The topics the 10 students in teacher Kelli Rich’s class took on in their short films went far beyond what one might expect of students their age. There were no films of students grousing about the food in the cafeteria or fawning interviews with a favorite teacher. Instead, the group tackled such weighty themes as climate change, bullying, LGBT discrimination and the shrinking pool of skilled workers on Mount Desert Island.

“They were asked to come up with something they thought was socially significant,” Rich said. “They all were very passionate about their topics.”

After a crash course in basic journalism and narrative nonfiction writing, the students each wrote a news story on their topic. Using that information, they developed a story board for their film project. That, Rich and her students agreed, proved to be the most unpopular step in the process.

The filmmaking was overseen by Peter Logue, whose work includes “The Fire of ’47,” a historical look at the devastating fire that swept Mount Desert Island, and “The Search for the White Rose,” which brought to light a little-known resistance movement in Nazi Germany led by university students. This is the second year Logue, a Pemetic alum himself, has worked with Rich and her students. His work this year was made possible by an enrichment fund grant from the Mount Desert Island Regional School System.

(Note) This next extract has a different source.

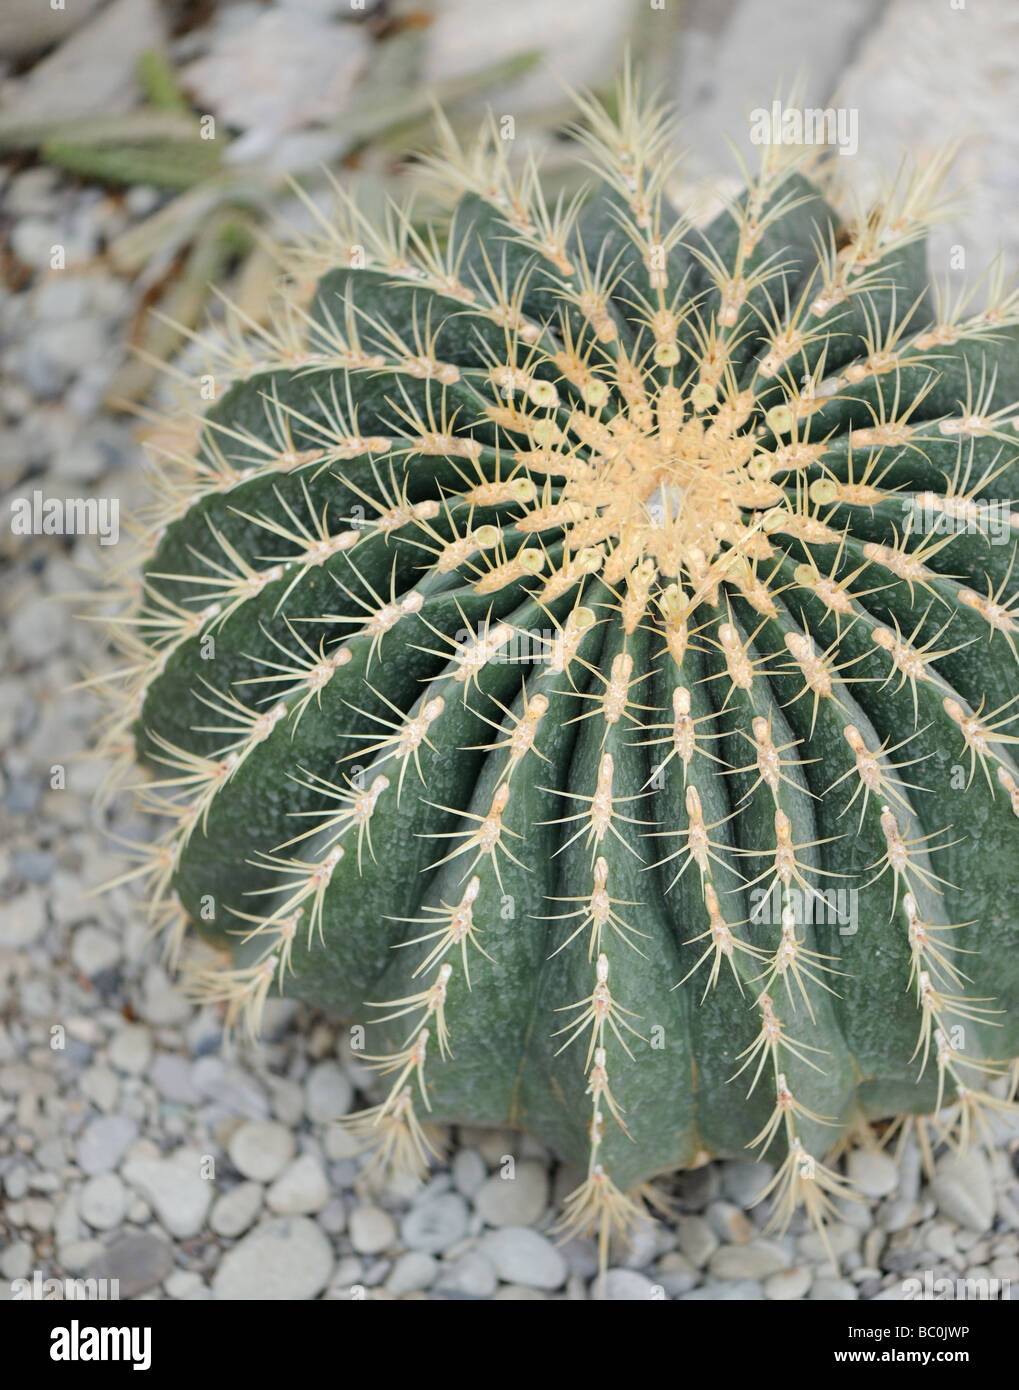 Cactus Type of spiny succulent plant Stock Photo

Logue said he got involved about six weeks ago, meeting with the students five times, talking about documentary techniques, the stages of production and showing clips of his own films. But when it came to the actual work, he remained hands off.

“They shot and edited the films on their own,” Logue said.

In contrast to doing the storyboards, they responded enthusiastically to this task.

“They were all very self-motivated and excited about making their own film and sharing it,” Logue said.

No expensive equipment was used. Footage was shot using laptops, tablets and the like. Editing was done on iMovie software.

“I had the kids shoot on what they had available,” Logue said, noting that he was in college before he had the equipment available to make his first film. “They have access to everything they need to make a film,” he said of the Pemetic students.

The students said they shot between 30 and 60 minutes of video, which then was edited to make a film about five minutes in length. The school’s technology coordinator, Michael Brzezowski, helped the students navigate the software and fix glitches.

Getting to the finished product required some flexibility on the students’ part. Their initial thoughts about a topic changed as the film came together.

“They had to rethink what they were doing and adapt,” Rich said.

A filmmaker must remain flexible, Logue said.

“There is no one way to go about making a film,” he told the class. “Never feel that you’re tied down to decisions you made two months ago.”

Attending the screenings Friday were a group of parents and the seventh-grade class that will be making documentaries in Rich’s class next year.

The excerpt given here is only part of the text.